The global severe acute respiratory syndrome coronavirus 2 (SARS-CoV-2) pandemic[8] has adversely affected functioning of pathology departments in various ways.[9] It has become apparent that hospital and health systems' services are better provided by remaining open and functional, to the maximum extent possible, even under pandemic conditions.[10] The Clinical Laboratories Improvement Amendments (CLIA) regulations require cytology and histopathology to be practiced in laboratory locations licensed for the purpose. This necessitates exposure of essential components of the clinical workforce—laboratory staff engaged in routine histopathology work, consulting and attending anatomic pathologists, residents, and fellows—to increased risk on a daily basis for an as-yet unforeseen length of time. Recognizing the potential for digital pathology to mitigate this risk, on March 26, 2020, the US government announced "enforcement discretion" of the CLIA regulations, amounting to a temporary relaxation of the rules prohibiting digital remote sign-out of cases.[11] On April 24, 2020, the FDA joined by declaring that it "does not intend to object to" to previous FDA-cleared restrictions on digital pathology devices and their marketing for remote use.[12] With large-scale noninferiority trials showing clear equivalency in diagnostic performance between glass and digital methods,[2,13] the College of American Pathologists (CAP) (March 26, 2020) issued a "COVID-19 Remote Sign-Out Guidance" that stated pathologists "may use a non-FDA approved system as long as it has been properly validated" for primary diagnosis. These brisk changes have greatly spurred interest in deployment of digital pathology for consultation and primary diagnosis as a medium- and long-term pandemic mitigative measure, even if not for the benefits that digital pathology brings Table 1.[4] As part of digital mitigative measures to be put into place, validation of the use of WSI for primary and consultative diagnosis would need to be completed by laboratories.

Validation of WSI for primary diagnosis ensures clinical precision and accuracy in unique, individual settings and provides a way for laboratories to demonstrate equivalence (or noninferiority) with the use of glass slides in diagnosis. In 2013, after extensive data review, validation guidelines applicable to WSI systems for diagnostic purposes were published by CAP.[15] The CAP guidelines offer 12 recommendations gathered from the review of 23 published studies. The recommendations chart a pathway for laboratories to perform a comprehensive end-to-end assessment of diagnosis using digital means while providing flexibility in the specific mechanisms of implementation.

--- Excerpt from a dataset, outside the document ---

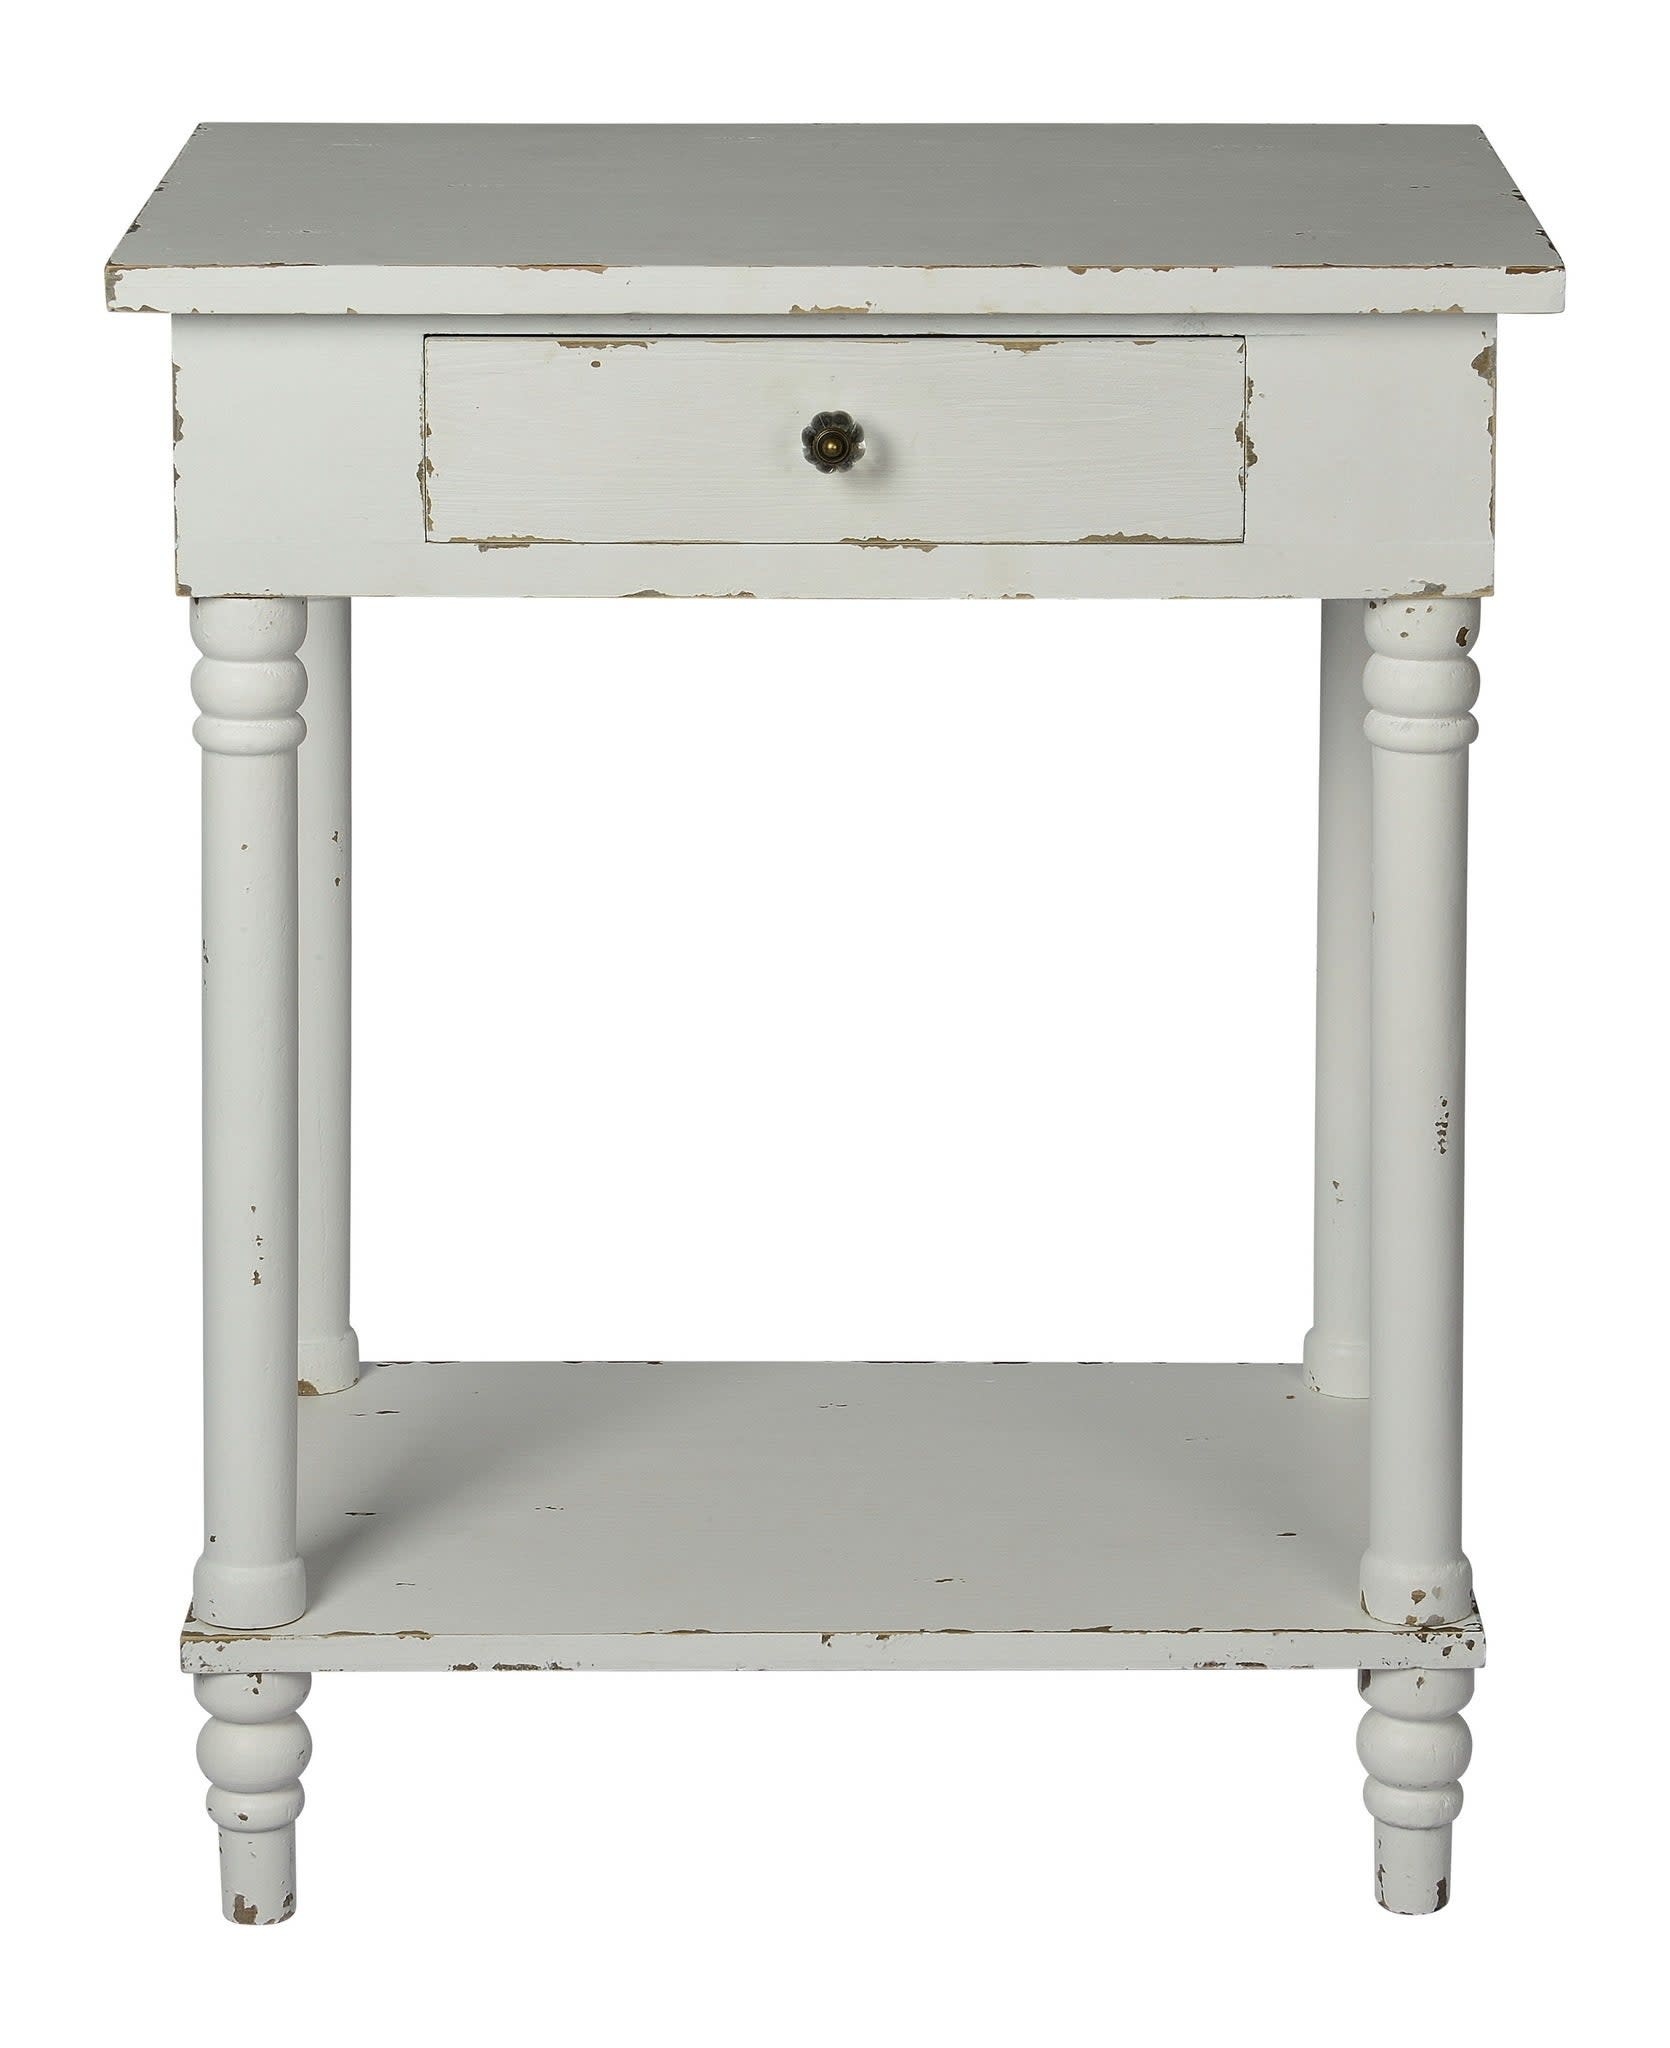 Chapel Side Table, Distressed White, 19 x 10 x 26 Furniture Available for Local Delivery or Pick Up

Implementation of digital pathology is a multistep and continuous process[16] involving histotechnologists, imaging technologists, and information technology expertise, of which a validation study would be only the first step. The Department of Pathology at the University of Iowa Hospitals and Clinics is a midsized academic anatomic pathology program (36 faculty, 20 residents, 7 fellows) that had previously committed to a process of stepwise integration of digital capabilities into quantitative image analysis, tumor boards and teaching conference presentations, social media dissemination, case archiving, outside slide retention, and allied applications. The department acquired a P1000 whole-slide scanner in mid-2018 that was in use for teaching and research. No case or image management software was provided with the instrument or in use. As part of this effort, pathologists acquired experience in the basic functions of the WSI slide viewer program. We sought to perform validation of digital pathology for primary diagnosis in this context. We had 2 goals: (1) to perform rapid, robust validation of the scanner and associated digital infrastructure (computer hardware, software, file handling protocols) and (2) to move through the development life cycle[17] of digital diagnosis so that recommendations, problems, and barriers could be identified and iteratively addressed. We evolved and implemented specific methods that sought to fulfill recommendations in the CAP guidelines in an evidence-based manner. We present data that show successful validation utilizing well over 150 cases and involving 5 pathologists.